7. Explain in detail factors affecting valuation.
Location: the location of a property is the most obvious factor that affects how much a property is worth. People generally want to live close to where they work and where they enjoy their free time, so properties in these area will be more expensive. Supply and demand: id demand exceeds supply in a given market, property prices will increase. This is because there are more people in the market for a smaller number of properties and the completion to secure a home drives prices up. Economic outlook: the overall performance of the economy can also have an impact on the property market. If the economy is experiencing strong growth, employment and labor conditions, people can afford to purchase a property, which leads to rising property values. Property market performance: the performance of the real estate market in your local area can also affect how much your property is worth. If there’s little demand for houses in the neighborhood and the properties listed are selling for well below the asking price, expect values to fall. Population and demographics: the more people who want to live in a particular suburb. At the same time, the type of people living in the area will also influence property values. Size and facilities: the features and overall size of a property will also influence its worth. A four bedroom house is likely to fetch more than a two bedroom house in the same area. Aesthetics: the street appeal of a property should never be underestimated. First impressions are very important in real estate. Renovation potential: the potential for growth is important for both homebuyers and investors – the potential to add an extra bedroom or extra storey, the potential to increase the floor space, or the potential to add pool or outdoor patio. Investment potential: the value of a property is also influenced by the potential it presents to investors. Factors such as the rental income an investor can expect from a property and the capital growth they will enjoy when they later sell the property all play their part. Energy efficiency: a property made of high quality materials is likely to have a higher value, in part because this makes the property easier to heat and cool.
8. Write short notes on: (any 2)
i.

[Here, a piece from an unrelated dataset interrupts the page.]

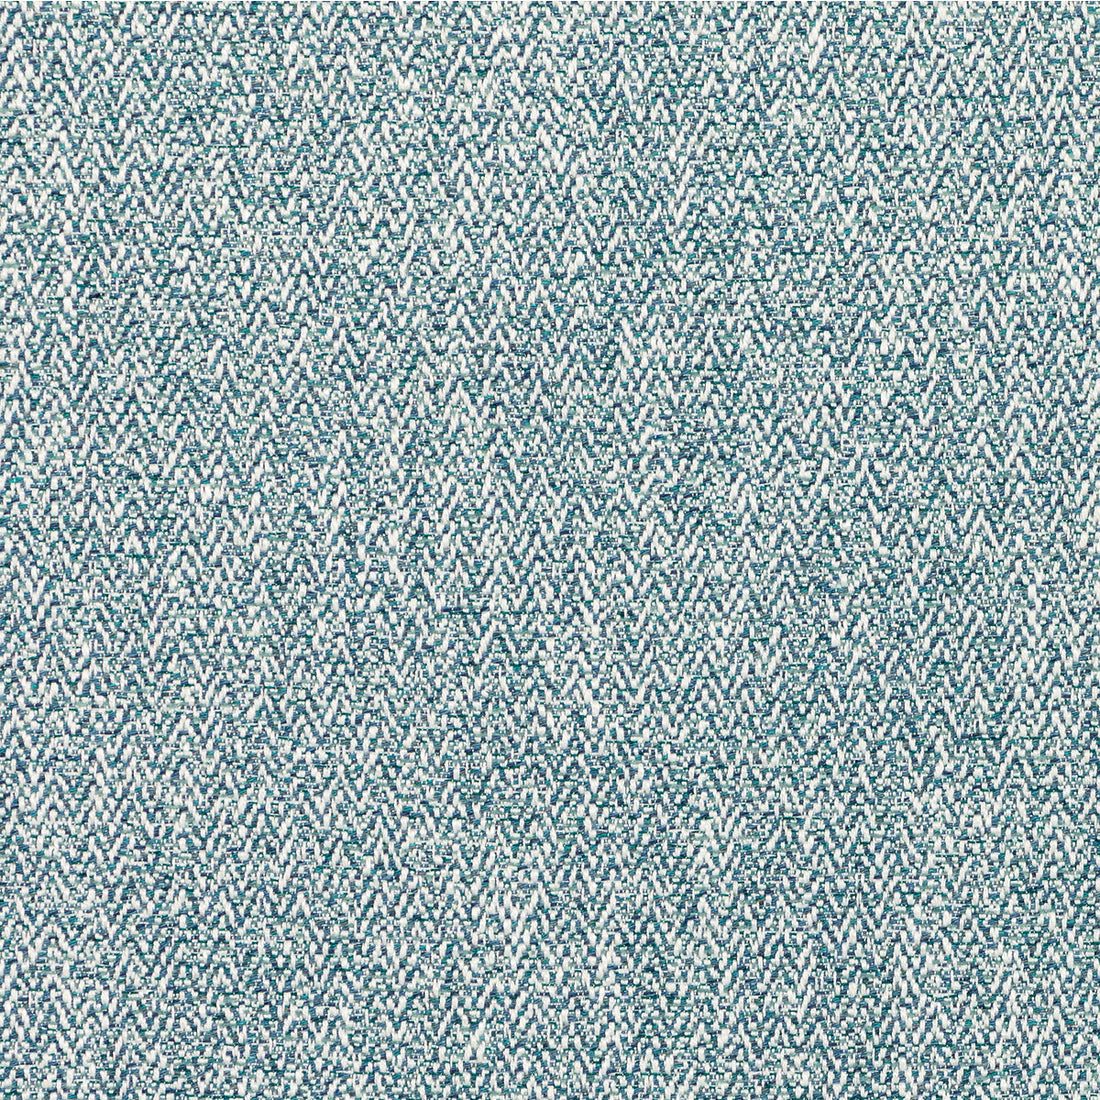 Saumur fabric in capri color - pattern 36107.51.0 - by Kravet Couture in the Luxury Textures II collection

Replacement cost: Replacement cost is a term referring to the amount of money a business must currently spend to replace an essential asset like a real estate property, an investment security, a lien, or another item, with one of the same or higher value. Sometimes referred to as a “replacement value,” a replacement cost may fluctuate, depending on factors such as the market value of components used to reconstruct or repurchase the asset and the expenses involved in preparing assets for use. The practice of calculating a replacement cost is known as replacement valuation”. The replacement cost is an amount that a company pays to replace an essential asset that is priced at same or equal value. ii. Depreciation: Depreciation is the gradual exhaustion of a property. This may be defined as the decrease or loss in the value of a property due to structural deterioration use, life wear and tear, decay and obsolescence. The value of a building or structure will be gradually reduced due to its use, life, wear and tear, etc. and a certain percentage of the total cost may be allowed as depreciation to determine its present value. The amount of depreciation being known, the present value of a property can be calculated after deducting the total amount of depreciation from the original cost.